The bread looks like a magazine spread. It feels modern.

The classic European school

Centuries-old. Defined by traditional French, German, Italian, and Eastern European bread:

  • Hydration 65–75%
  • Moderate fermentation, simpler folds
  • Even, balanced crumb
  • Crisp but more matte crust
  • Baked to deep golden, not necessarily mahogany
  • Various traditional shapes

The bread looks like the bread your great-grandmother knew. It feels timeless.

Side-by-side

Bake the same recipe two ways:

Tartine version:

  • 80% hydration
  • 4 sets of folds in first 90 minutes
  • 5-hour bulk
  • Cold proof 18 hours
  • Bake at 500°F → 450°F, dark mahogany

Classic version:

  • 70% hydration
  • 2 sets of folds at 30 and 60 minutes
  • 5-hour bulk
  • Cold proof 12 hours
  • Bake at 475°F → 425°F, deep golden

Different breads. Both delicious.

The crumb difference

Tartine-style: large, irregular holes; some up to 2 inches across; thin, glossy walls between holes. Cut a slice and hold it to the light — you can see through parts of it.

Classic: even, moderately open structure; holes mostly ½-1 inch; thicker walls; consistent throughout the loaf. Slices cleanly; better for sandwiches.

The flavor difference

Tartine-style: more dramatic crust contribution; lighter crumb interior; emphasizes fermentation acid notes.

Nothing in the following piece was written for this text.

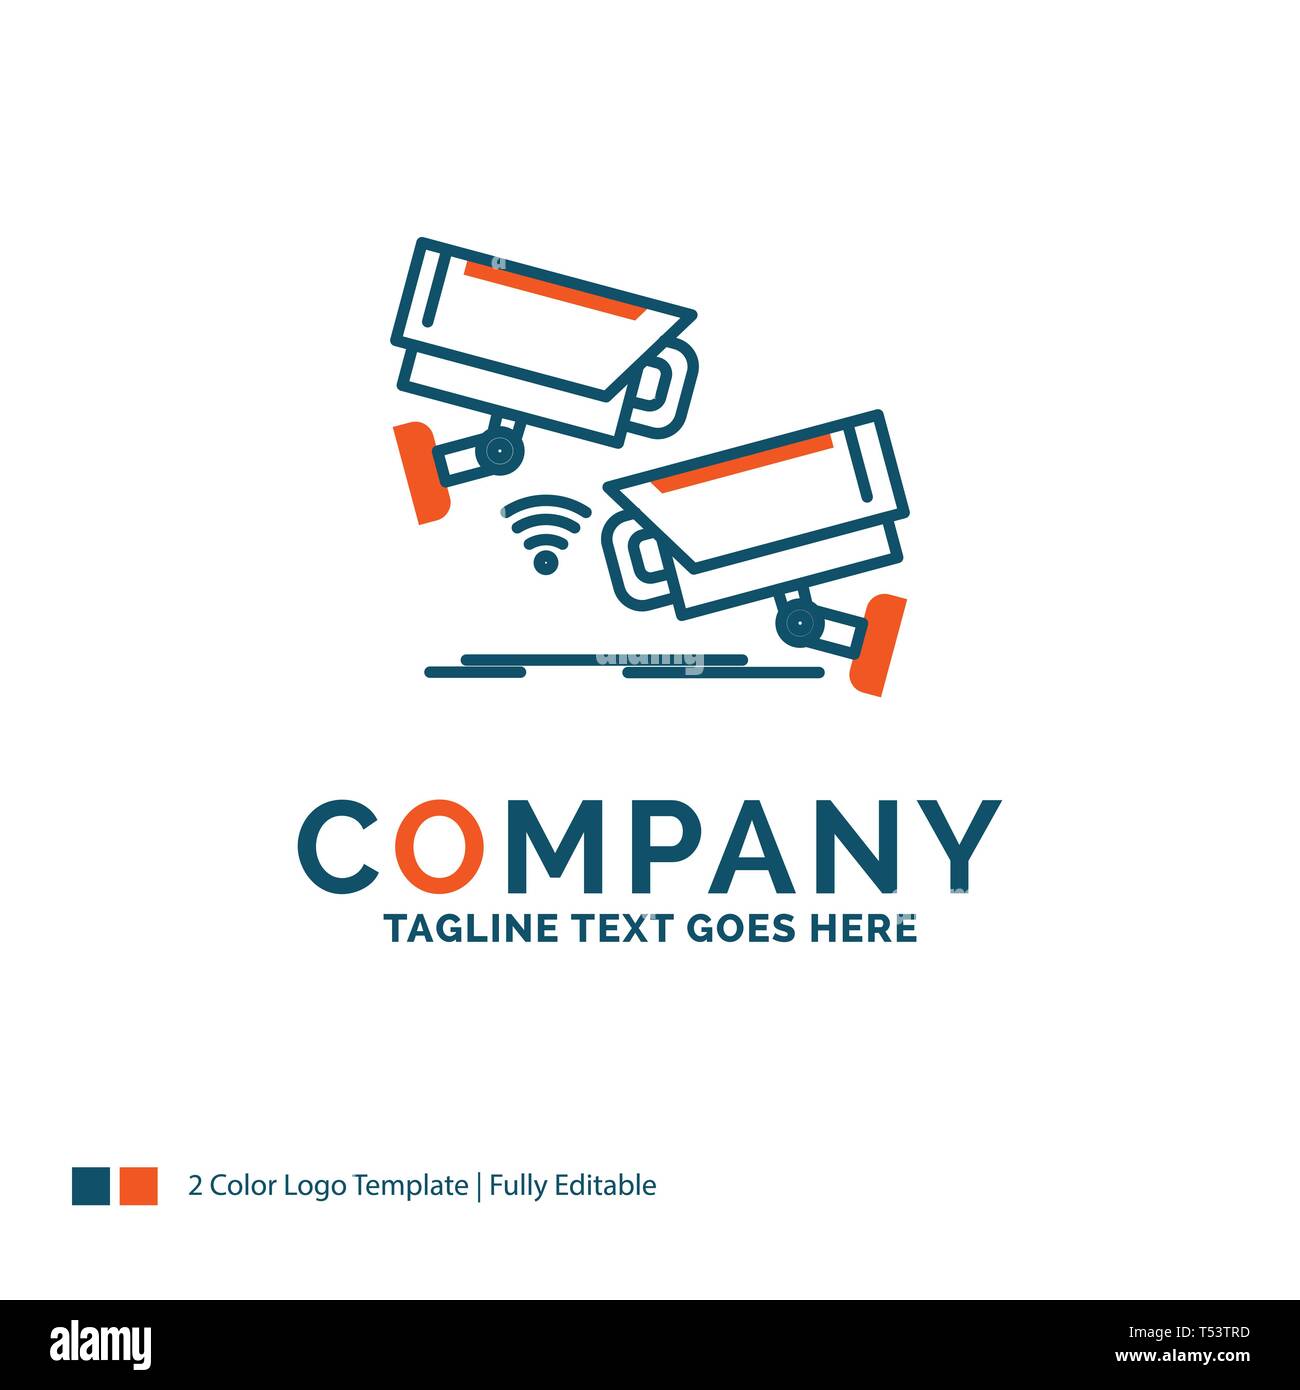 CCTV, Camera, Security, Surveillance, Technology Logo Design. Blue and  Orange Brand Name Design. Place for Tagline. Business Logo template Stock  Vector Image & Art - Alamy

Classic: more balanced; bread flavor stronger; less acidic; tastes more like wheat.

Which to choose

For showing off photos: Tartine.

For eating sandwiches: classic.

For holding spreads, butter, dipping in soup: classic.

For pulling apart with hands at a dinner: Tartine.

For weekday eating: classic. The bread is more practical — easier to slice, holds together, fits in a toaster.

For weekend luxury: Tartine. The bread is more dramatic.

What both schools agree on

  • Fresh, high-quality flour matters
  • Long fermentation develops flavor
  • Cold proof is helpful
  • Steam in the oven matters
  • Score deliberately
  • Cool fully before cutting
  • Bake darker than you think you should

The technical requirement

Tartine-style requires more skill:

  • Handling 80%+ hydration dough
  • Lamination instead of simple folds
  • Confident shaping of wet dough
  • Temperature control
  • Reading subtle cues

Classic style is more forgiving:

  • 70% hydration is easy to handle
  • Simple stretch-and-folds work
  • Any cylindrical or round shape works
  • Wider tolerance for variation

Recommendation

Start classic. Master 70% hydration loaves. Get five solid bakes in a row.

Then try high hydration. If it appeals to you, push it. If it doesn't, stay classic.

There's no wrong answer. The best bakers can do both. Many find their style somewhere in between — 75% hydration, balanced fermentation, good crumb that's open but not wild.

A blended approach

A 75–78% hydration country loaf with one set of laminated folds in the middle of bulk gives you:

  • Some of the open crumb of Tartine
  • Most of the practicality of classic
  • A loaf that's beautiful and useful

This is where most thoughtful bakers eventually land.